DEBUG: (gcloud.app.deploy) Error Response: [4] Timed out waiting for the app infrastructure to become healthy.
Traceback (most recent call last):
File "/usr/lib/google-cloud-sdk/lib/googlecloudsdk/calliope/cli.py", line 797, in Execute
resources = calliope_command.Run(cli=self, args=args)
File "/usr/lib/google-cloud-sdk/lib/googlecloudsdk/calliope/backend.py", line 757, in Run
resources = command_instance.Run(args)
File "/usr/lib/google-cloud-sdk/lib/surface/app/deploy.py", line 65, in Run
parallel_build=False)
File "/usr/lib/google-cloud-sdk/lib/googlecloudsdk/command_lib/app/deploy_util.py", line 588, in RunDeploy
flex_image_build_option=flex_image_build_option)
File "/usr/lib/google-cloud-sdk/lib/googlecloudsdk/command_lib/app/deploy_util.py", line 394, in Deploy
extra_config_settings)
File "/usr/lib/google-cloud-sdk/lib/googlecloudsdk/api_lib/app/appengine_api_client.py", line 188, in DeployService
message=message)
File "/usr/lib/google-cloud-sdk/lib/googlecloudsdk/api_lib/app/operations_util.py", line 246, in WaitForOperation
sleep_ms=retry_interval)
File "/usr/lib/google-cloud-sdk/lib/googlecloudsdk/api_lib/util/waiter.py", line 266, in WaitFor
sleep_ms=sleep_ms)
File "/usr/lib/google-cloud-sdk/lib/googlecloudsdk/core/util/retry.py", line 222, in RetryOnResult
if not should_retry(result, state):
File "/usr/lib/google-cloud-sdk/lib/googlecloudsdk/api_lib/util/waiter.py", line 260, in _IsNotDone
return not poller.IsDone(operation)
File "/usr/lib/google-cloud-sdk/lib/googlecloudsdk/api_lib/app/operations_util.py", line 171, in IsDone
encoding.MessageToPyValue(operation.error)))
OperationError: Error Response: [4] Timed out waiting for the app infrastructure to become healthy.
ERROR: (gcloud.app.deploy) Error Response: [4] Timed out waiting for the app infrastructure to become healthy.
Before that (3 weeks ago) deploys began to be really slow (5-20 minutes).

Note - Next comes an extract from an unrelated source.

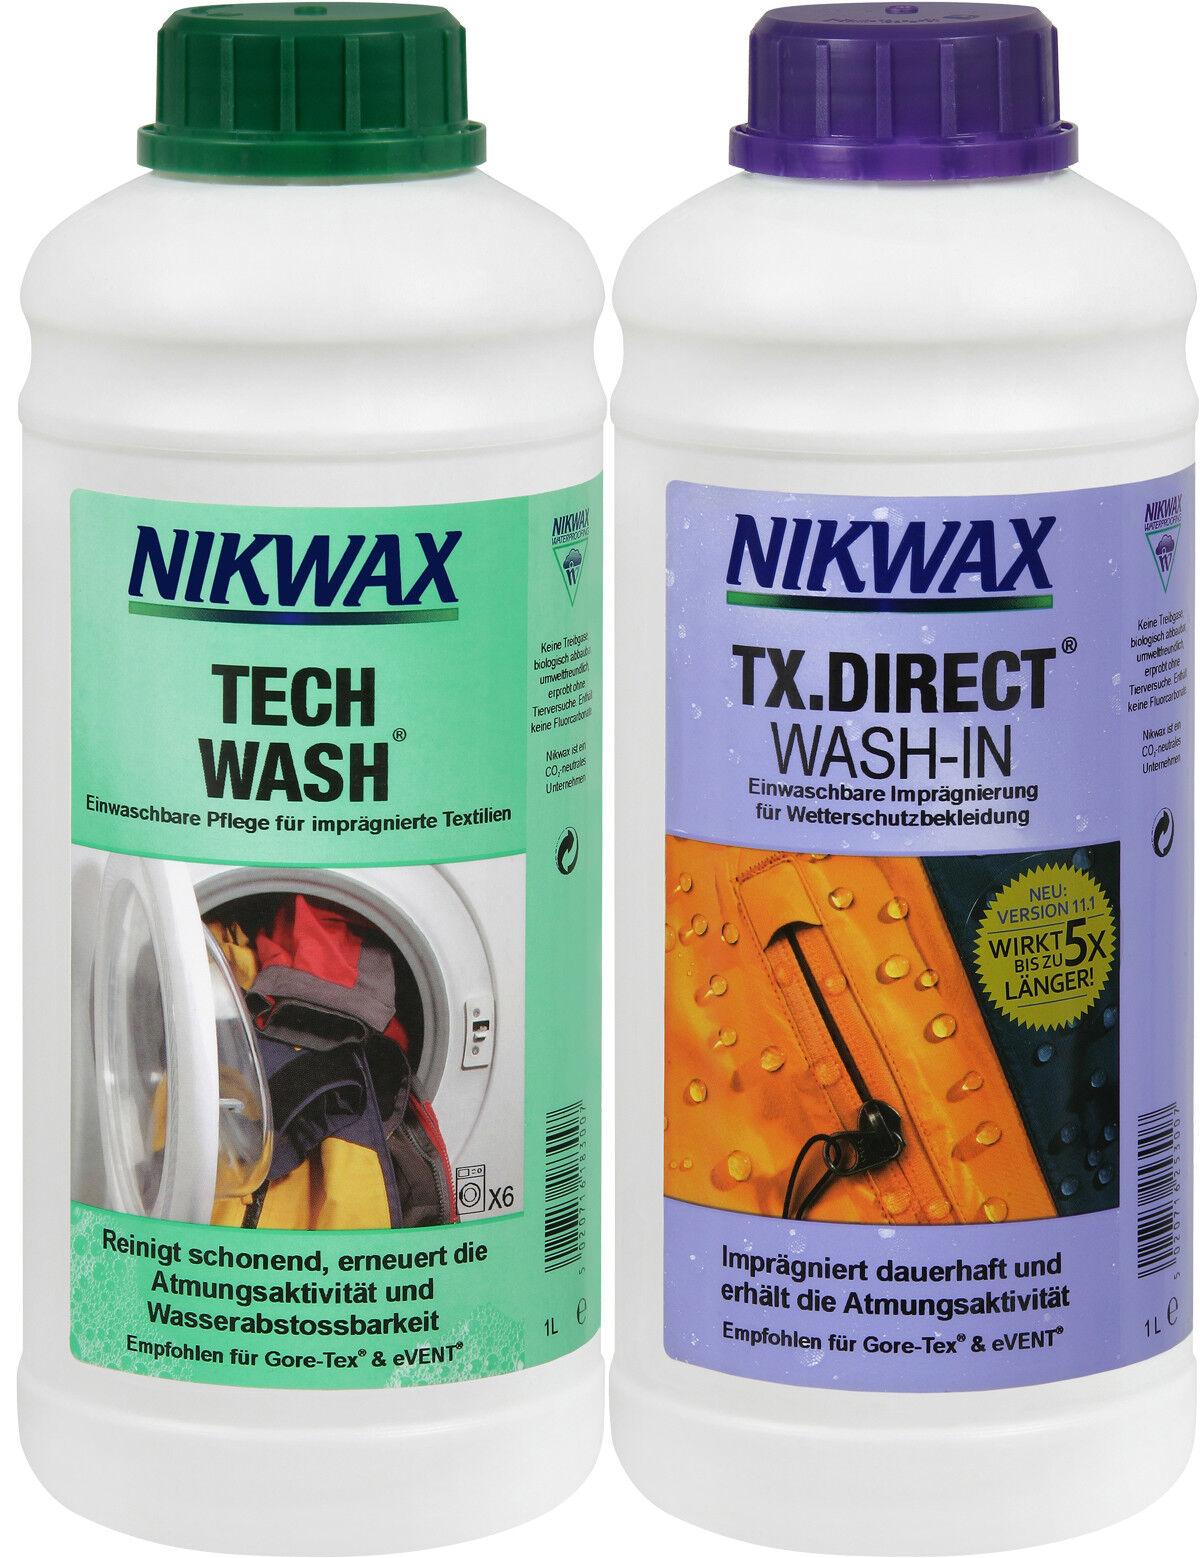 (Euro 22,50   1 Liter) 2 x 1 L Nikwax Tech Wash + TX Direkt Waschmittel Membran

Info about operation provided by command:
gcloud beta app operations describe OPERATION_ID
gives this:
done: true
error:
code: 4
message: Timed out waiting for the app infrastructure to become healthy.
metadata:
'@type': type.googleapis.com/google.appengine.v1.OperationMetadataV1
endTime: '2018-02-19T06:36:02.752Z'
insertTime: '2018-02-19T06:08:56.439Z'
method: google.appengine.v1.Versions.CreateVersion
target: apps/PROJECT_ID/services/default/versions/release-0-6-3
user: [email protected]
name: apps/PROJECT_ID/operations/45d6fec1-9261-41d2-943a-648976b971ed
Any ideas how to get more info about the operation and what actions are performed?
Best,
Alex